# [Given material]
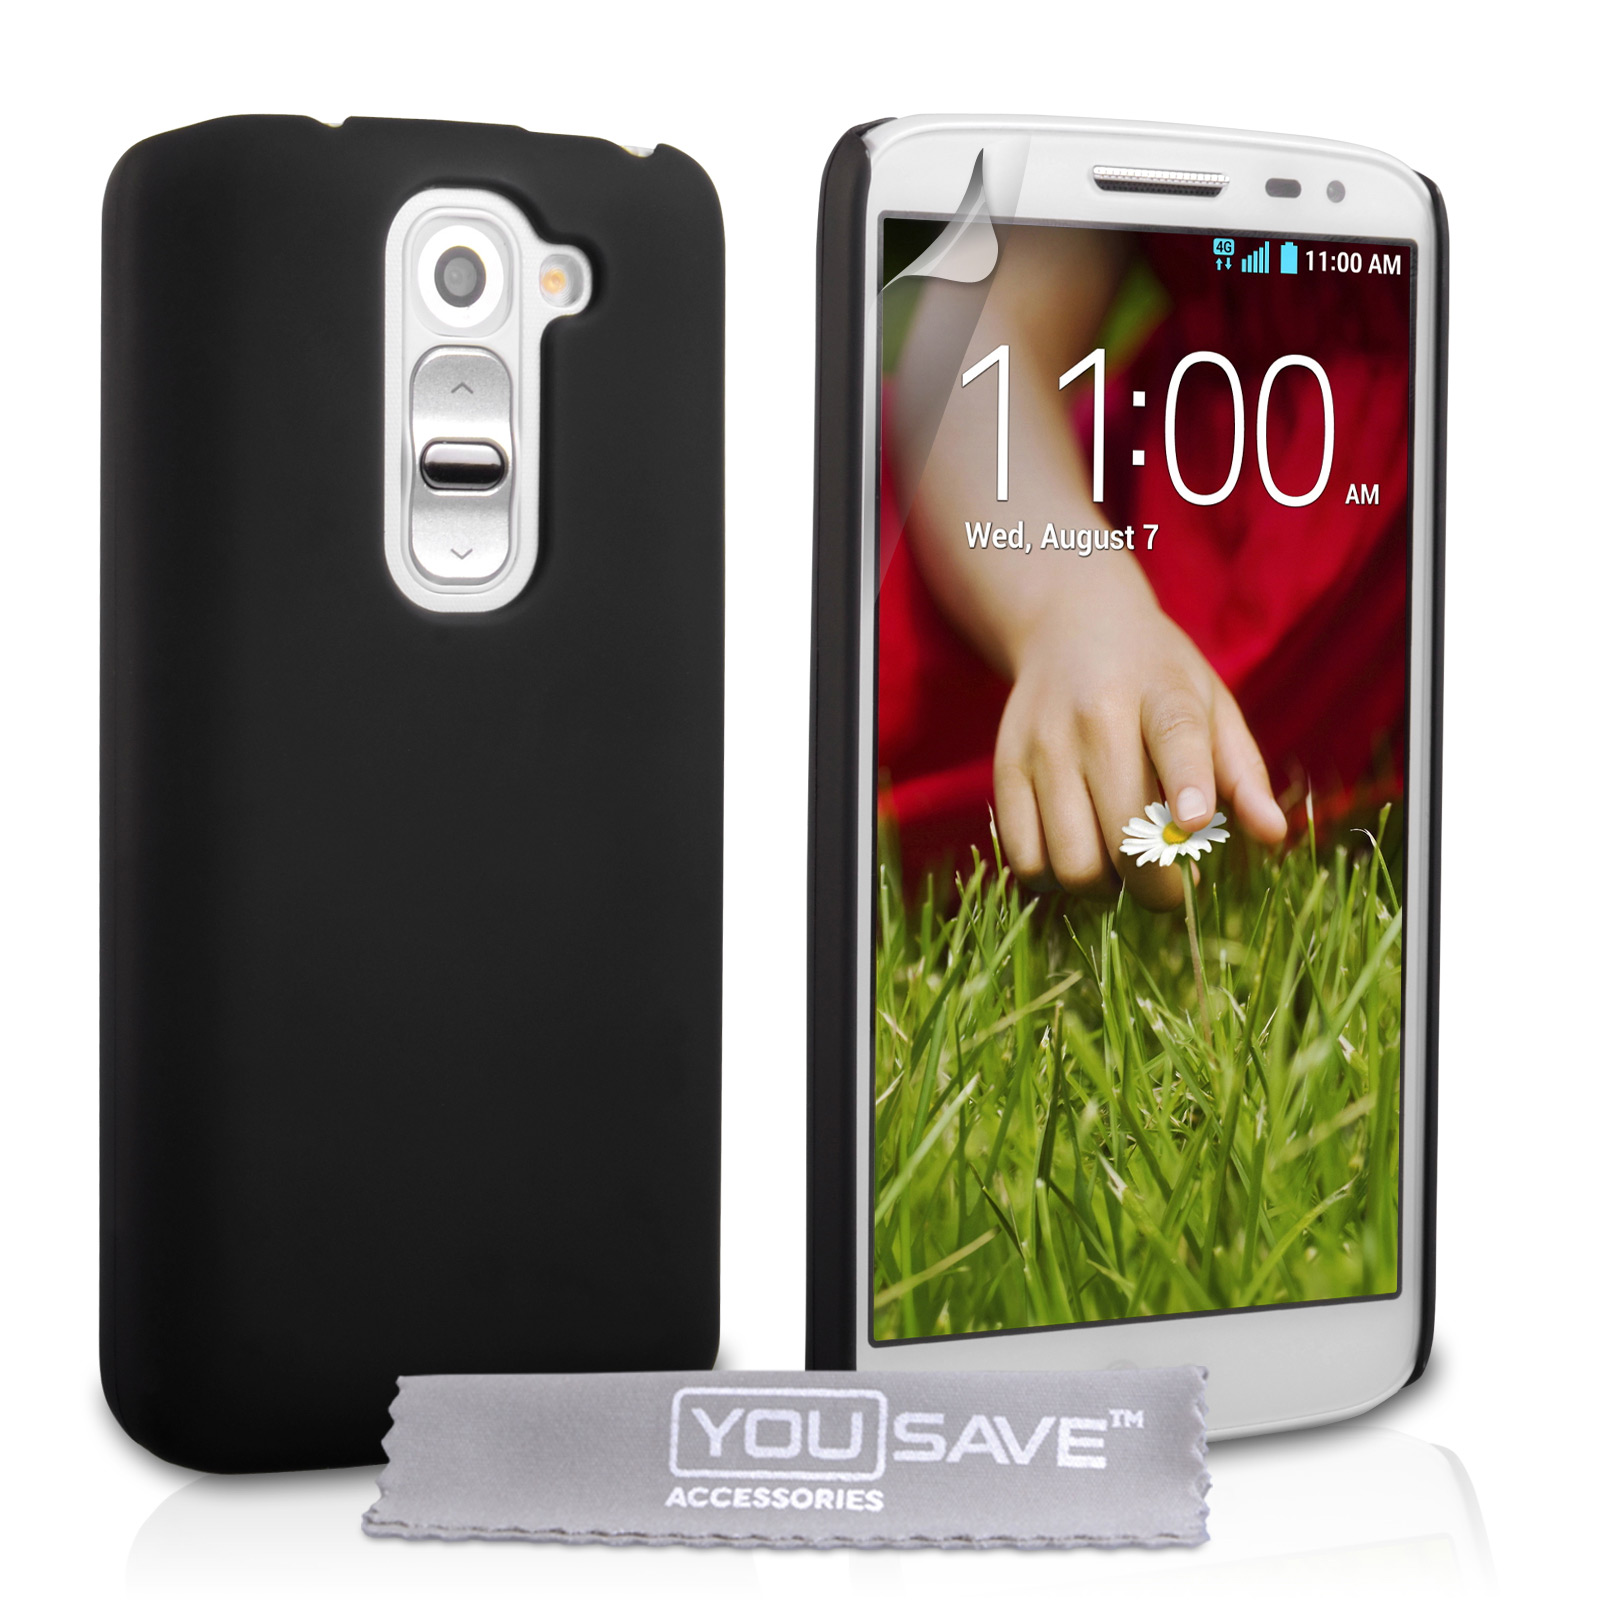 YouSave Accessories LG G2 Mini Hard Hybrid Case - Black
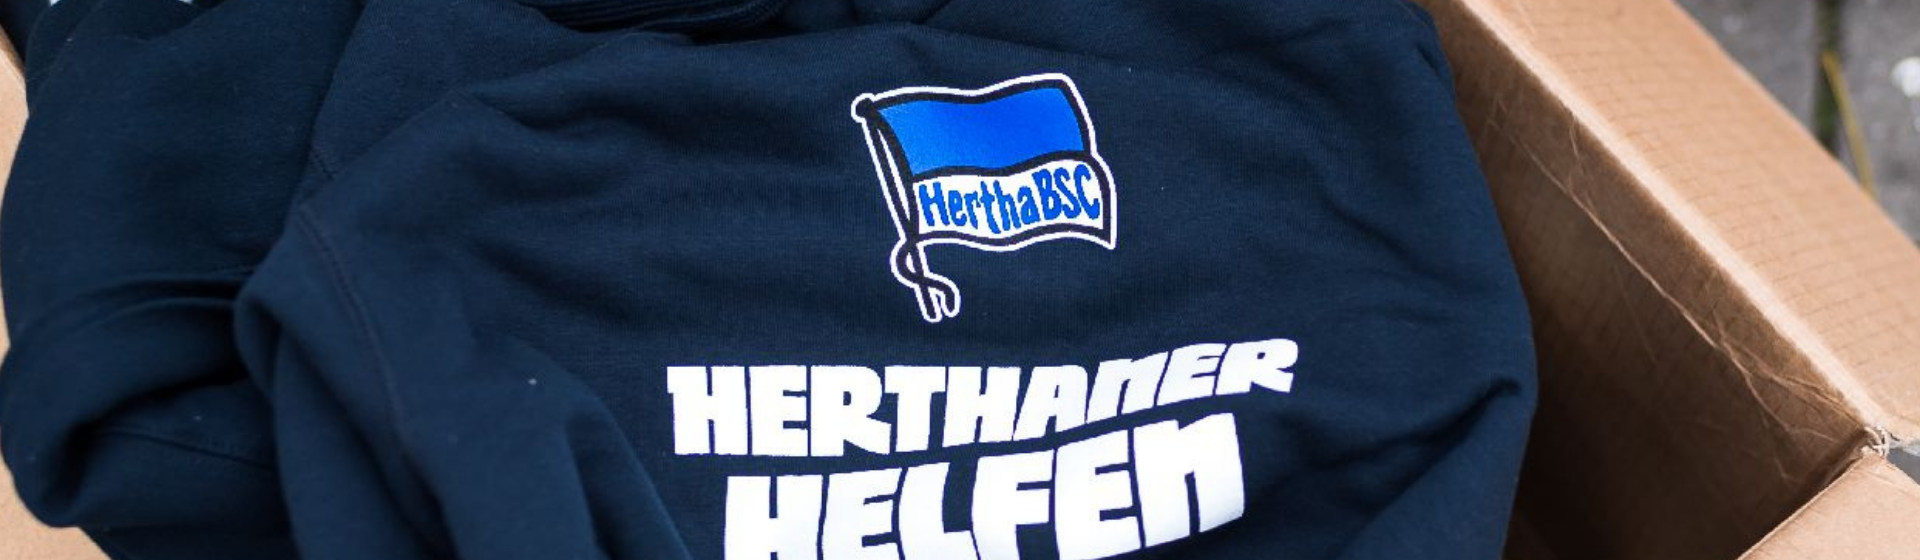 Hertha BSC header
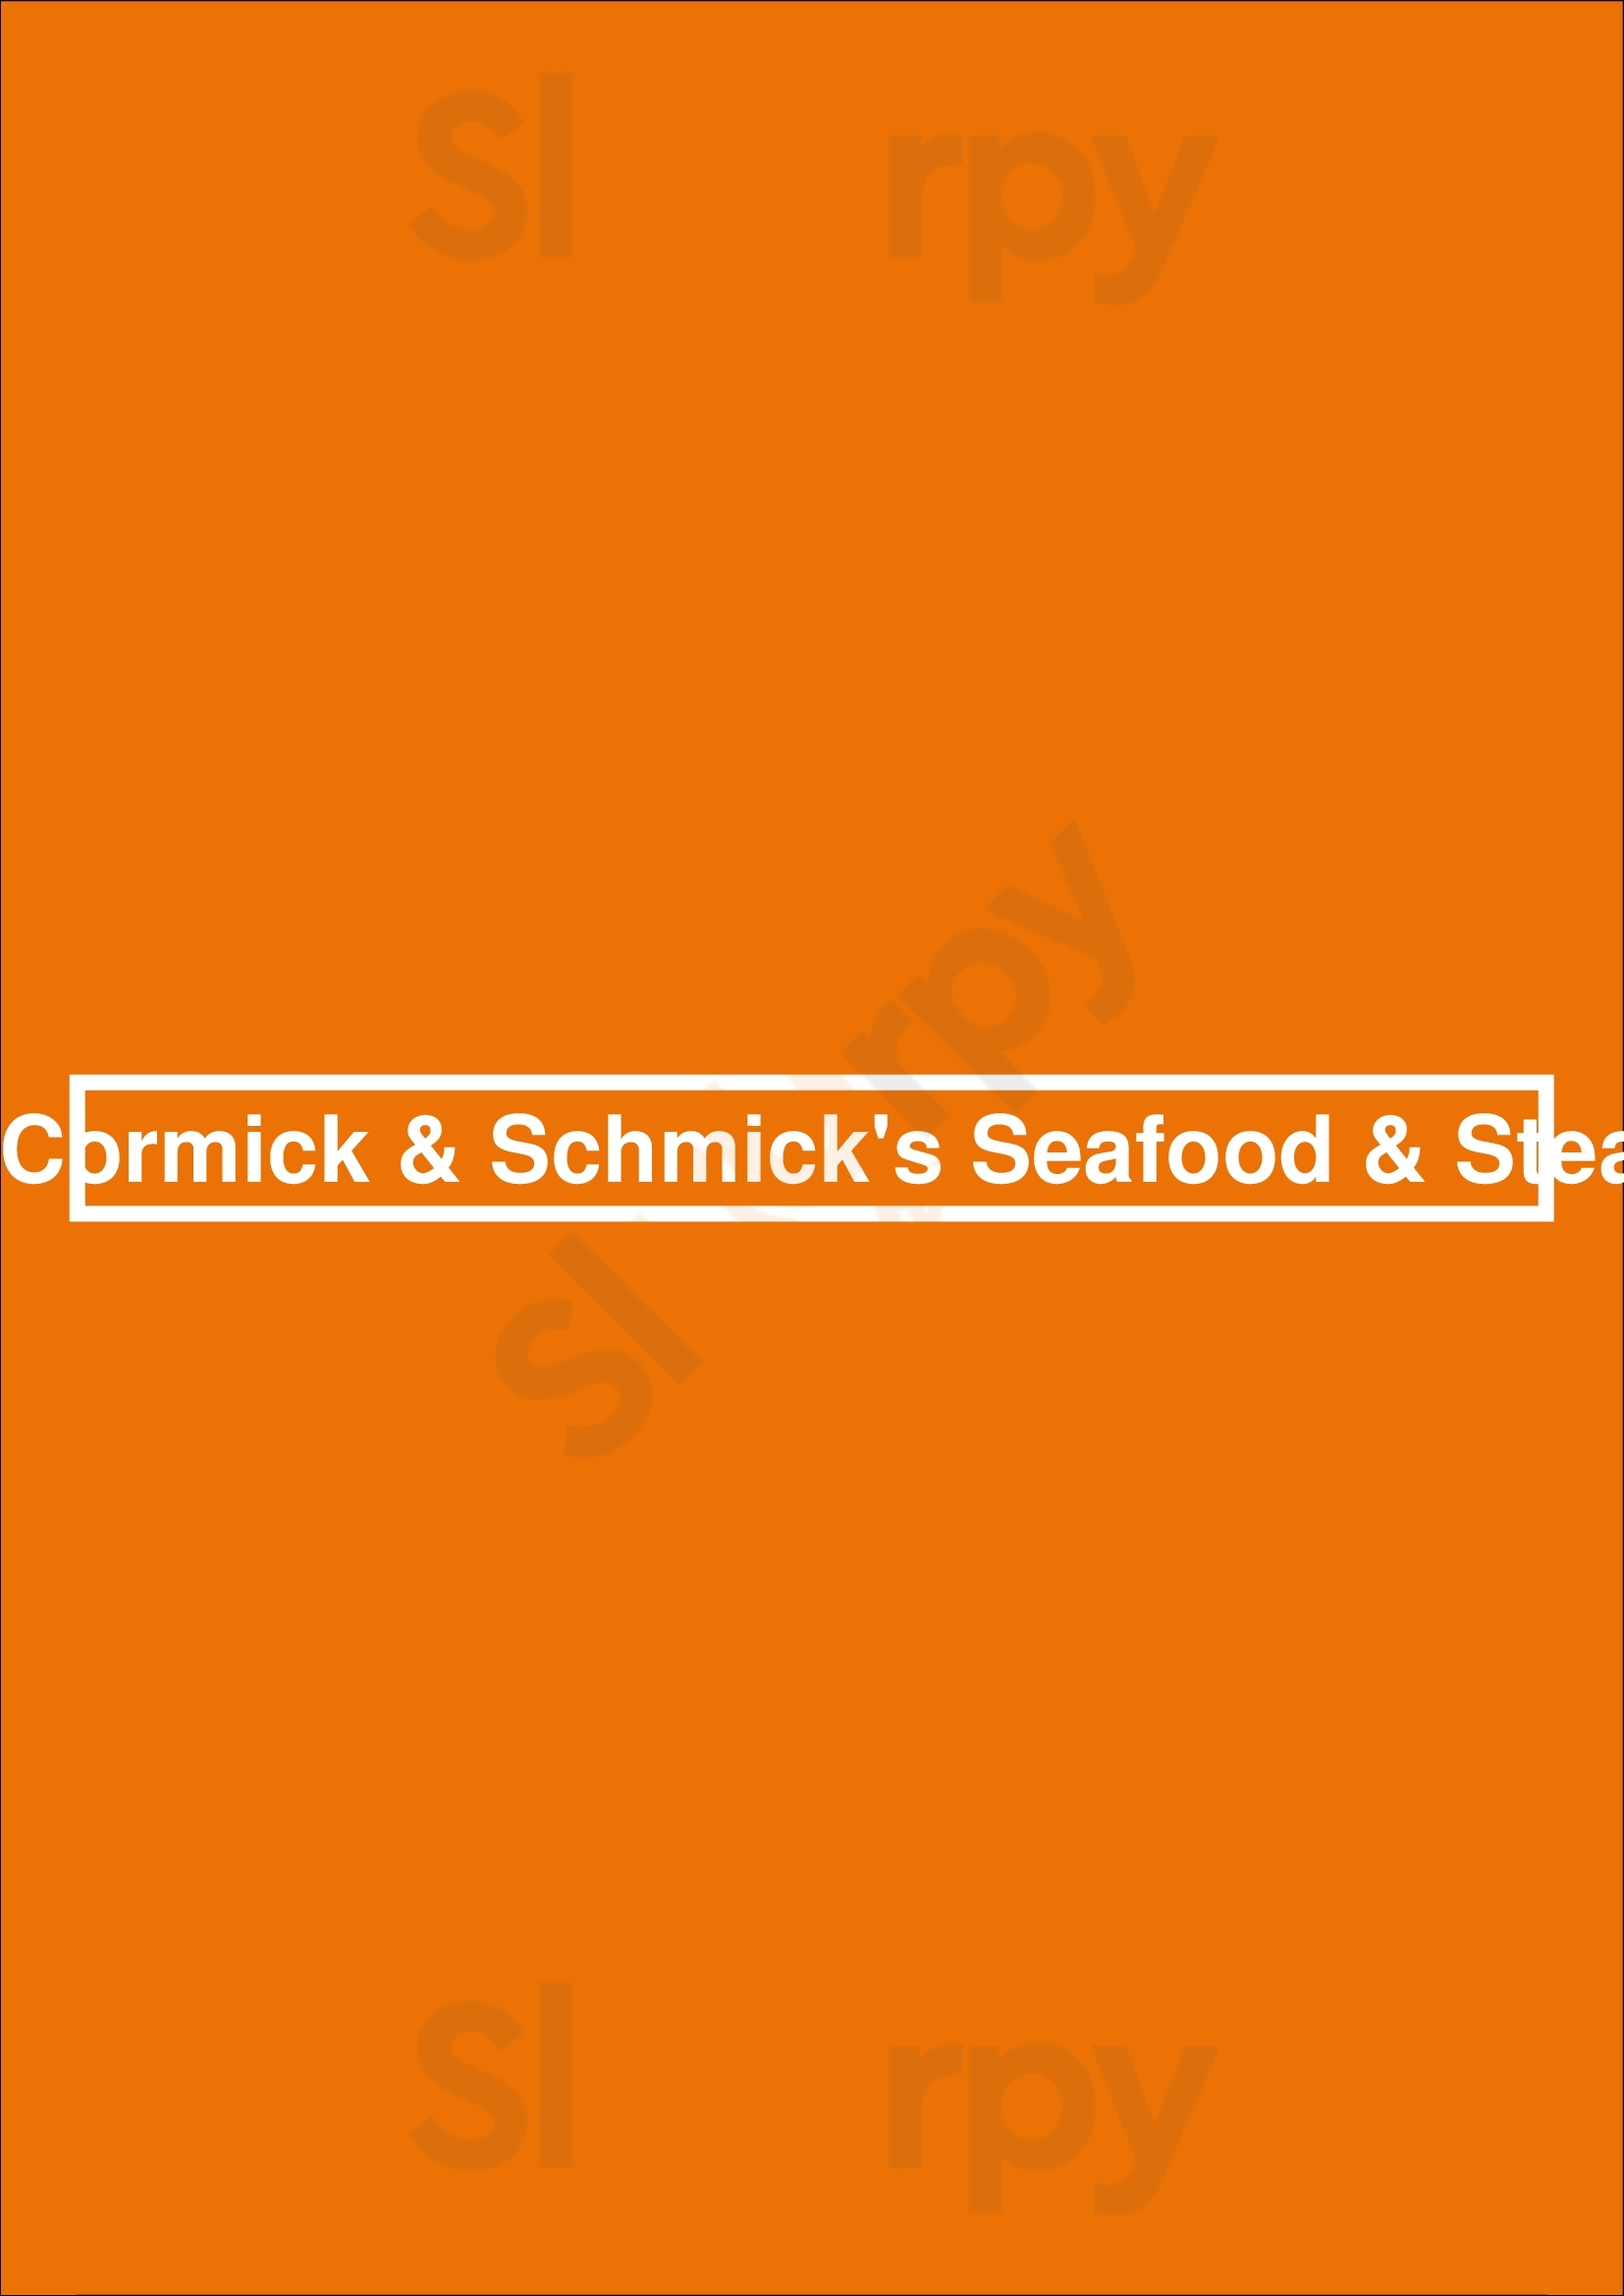 Mccormick & Schmick's Seafood & Steaks Indianapolis Menu - 1

# [What you are asked to do]
With the pictures excluded, restate word for word each line from the one that contains "Hertha BSC header" through the last line of the listing above.

# [Task solution]
 Hertha BSC header
 Mccormick & Schmick's Seafood & Steaks Indianapolis Menu - 1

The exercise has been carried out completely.